Give back the lines of the records exactly, starting at the first and ending at the one with "Sage and Black Plaid Duplex Outlet Wallplate".

===== Supplied entries =====

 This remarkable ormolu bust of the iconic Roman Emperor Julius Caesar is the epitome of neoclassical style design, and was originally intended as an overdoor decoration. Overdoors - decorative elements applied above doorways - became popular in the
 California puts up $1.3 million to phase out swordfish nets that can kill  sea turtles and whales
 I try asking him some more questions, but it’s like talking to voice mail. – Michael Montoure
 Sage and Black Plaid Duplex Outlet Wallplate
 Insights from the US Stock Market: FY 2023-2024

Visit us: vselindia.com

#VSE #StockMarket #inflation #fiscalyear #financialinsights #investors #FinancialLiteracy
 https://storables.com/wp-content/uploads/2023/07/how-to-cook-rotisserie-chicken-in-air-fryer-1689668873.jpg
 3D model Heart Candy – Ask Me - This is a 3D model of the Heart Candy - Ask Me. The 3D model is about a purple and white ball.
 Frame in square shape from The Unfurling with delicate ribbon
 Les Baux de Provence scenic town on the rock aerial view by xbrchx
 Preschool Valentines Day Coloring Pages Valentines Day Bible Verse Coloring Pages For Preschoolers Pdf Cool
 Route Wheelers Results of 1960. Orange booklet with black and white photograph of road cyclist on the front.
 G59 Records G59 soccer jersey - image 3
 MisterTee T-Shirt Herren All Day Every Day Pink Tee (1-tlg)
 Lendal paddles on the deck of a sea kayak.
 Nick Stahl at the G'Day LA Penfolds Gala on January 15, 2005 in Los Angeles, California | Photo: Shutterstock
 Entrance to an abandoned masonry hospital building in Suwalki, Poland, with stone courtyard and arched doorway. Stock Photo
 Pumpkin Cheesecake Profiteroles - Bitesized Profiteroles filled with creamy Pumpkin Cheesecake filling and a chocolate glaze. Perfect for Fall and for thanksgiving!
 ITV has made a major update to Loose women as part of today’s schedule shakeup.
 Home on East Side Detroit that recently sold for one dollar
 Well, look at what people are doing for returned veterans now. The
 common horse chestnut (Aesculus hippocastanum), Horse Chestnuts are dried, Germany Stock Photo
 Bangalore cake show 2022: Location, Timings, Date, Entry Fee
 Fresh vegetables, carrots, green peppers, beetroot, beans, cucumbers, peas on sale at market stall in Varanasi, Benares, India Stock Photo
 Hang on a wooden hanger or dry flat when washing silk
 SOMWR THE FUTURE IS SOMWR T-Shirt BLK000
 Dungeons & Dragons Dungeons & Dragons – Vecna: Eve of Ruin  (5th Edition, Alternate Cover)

=====

Result -
 This remarkable ormolu bust of the iconic Roman Emperor Julius Caesar is the epitome of neoclassical style design, and was originally intended as an overdoor decoration. Overdoors - decorative elements applied above doorways - became popular in the
 California puts up $1.3 million to phase out swordfish nets that can kill  sea turtles and whales
 I try asking him some more questions, but it’s like talking to voice mail. – Michael Montoure
 Sage and Black Plaid Duplex Outlet Wallplate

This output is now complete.